Statement: Per-pool hardware overrides produce a valid SimConfig for each pool role: zero-valued PoolOverrides is a no-op (backward-compatible), non-nil fields override only the specified fields, and the global SimConfig is never mutated.

Verification: sim/cluster/resolve_test.go — TestINV_P2_1_PoolConfigConsistency verifies observable KV capacity differences between pools pre-simulation via FreeKVBlocks(); TestINV_P2_1_RequestConservation verifies INV-1 holds under heterogeneous pool configuration.

Evidence: ResolvePoolConfig performs a struct copy and applies only non-nil/non-zero overrides. resolveConfigForRole is called in the instance construction loop in NewClusterSimulator, before any simulation state is created.

Statement: When --pd-transfer-contention is enabled, the effective bandwidth available to each concurrent KV transfer is total_bandwidth / active_transfers, where active_transfers is the count of transfers in flight at the moment the new transfer starts (inclusive of the new transfer). With a single transfer in flight, the full bandwidth is used (active_transfers == 1, divisor == 1).
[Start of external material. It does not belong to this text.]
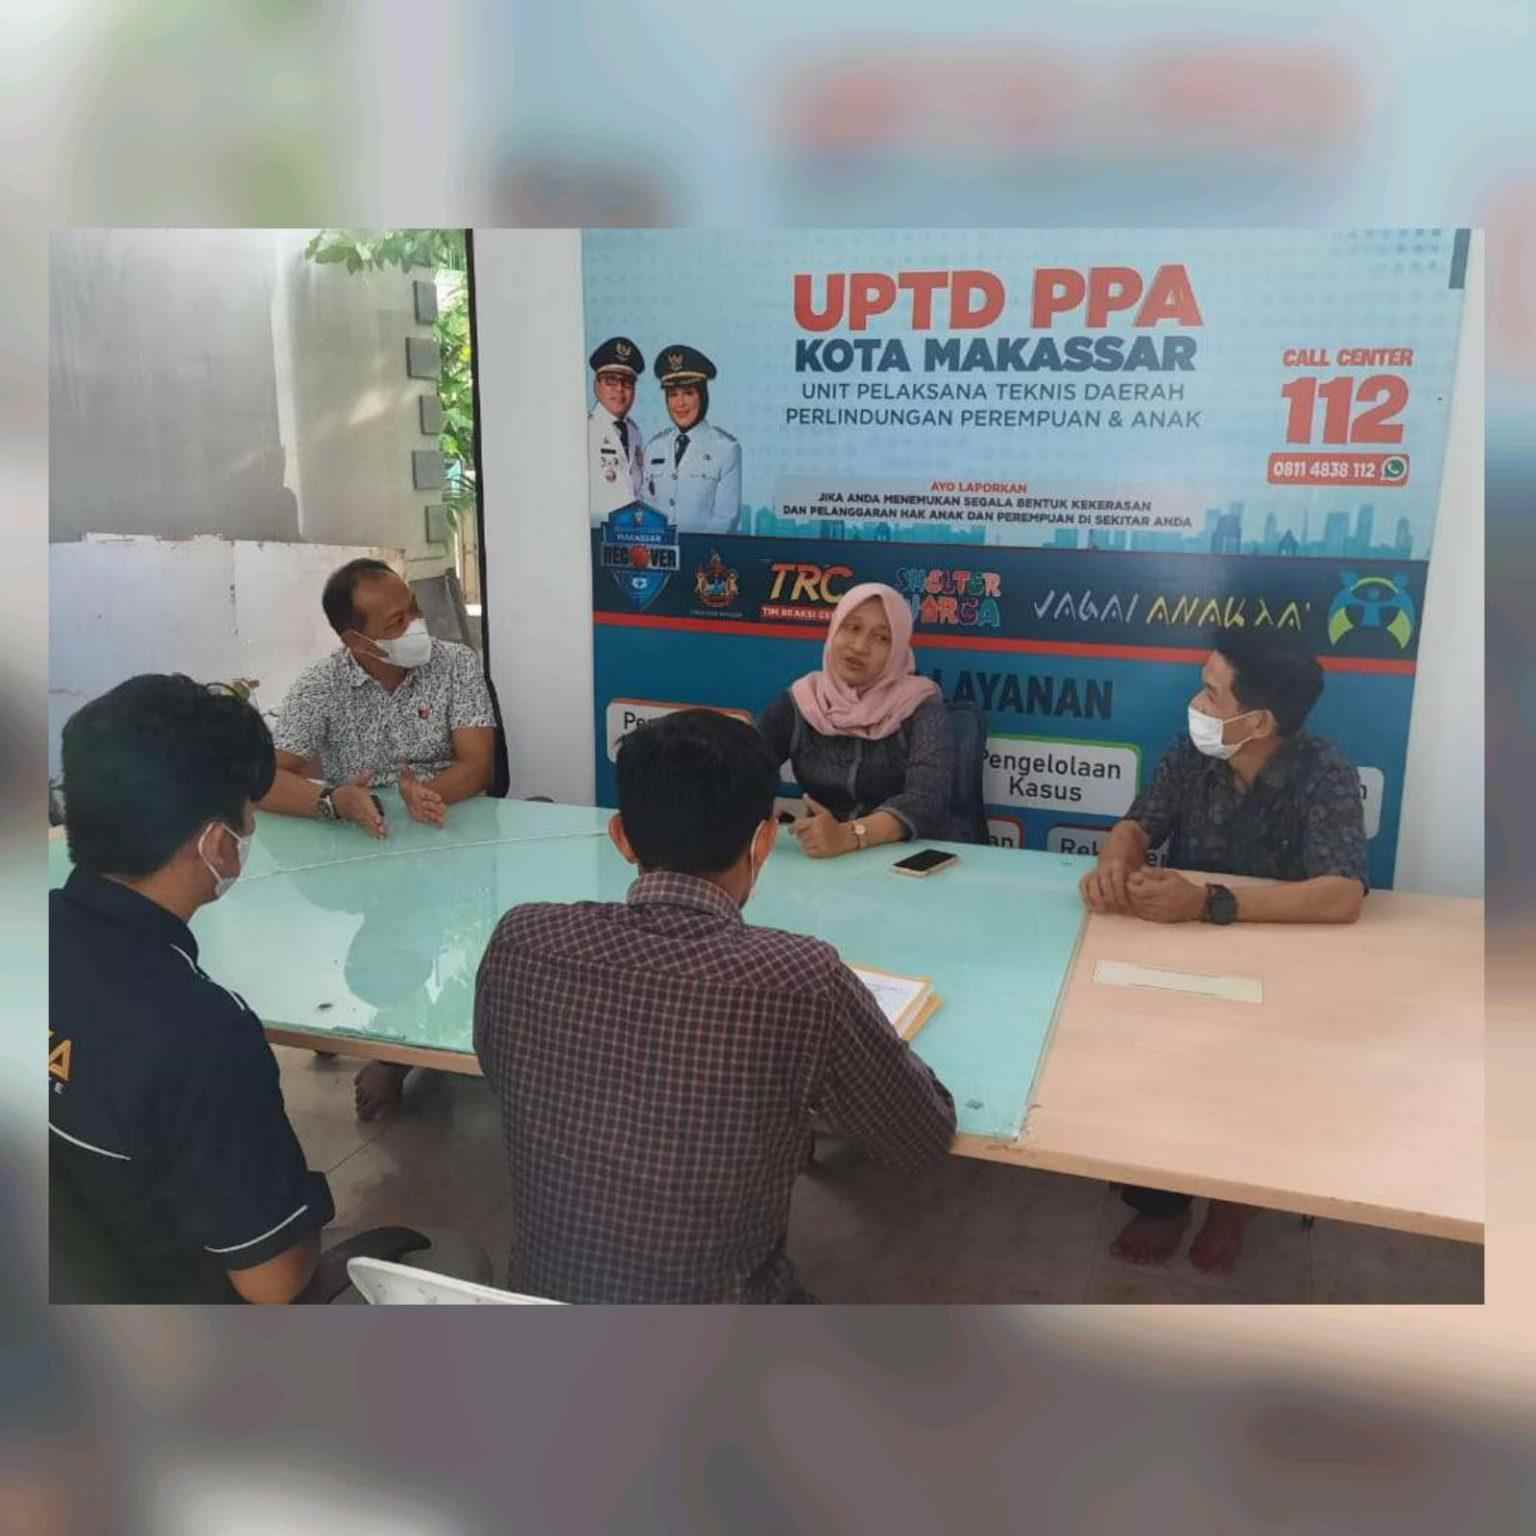 Optimalkan Penanganan Anak Yang Berhadapan Hukum Kanit PPA Polrestabes Makassar Kunjungi UPTD PPA Makassar

This invariant gates the transfer duration formula in KVTransferStartedEvent.Execute().

Verification: sim/cluster/transfer_contention_test.go: - TestTransferContention_INVP22_EffectiveBandwidthFormula — golden test for the N=1 duration (9 µs with 10 blocks at 10 GB/s) - TestTransferContention_INVP22_N2FormulaExact — golden test for the N=2 duration (17 µs with same payload at 5 GB/s effective) - TestTransferContention_INVP22_DivisorLaw — invariant test: duration(N) / duration(1) ≈ N for N ∈ {1,2,3,4,5,8,10} with monotonicity - TestTransferContention_INVP22_FairShareBandwidth — end-to-end: concurrent transfers record peak >= 1 when multiple requests arrive simultaneously

Evidence: PR9 (sim/cluster/pd_events.go, KVTransferStartedEvent.Execute()). Gated behind PDTransferContention flag (off by default for backward compatibility). The activeTransfers counter is incremented before the divisor is applied, ensuring the new transfer receives a fair share of the bandwidth with every other transfer currently in flight.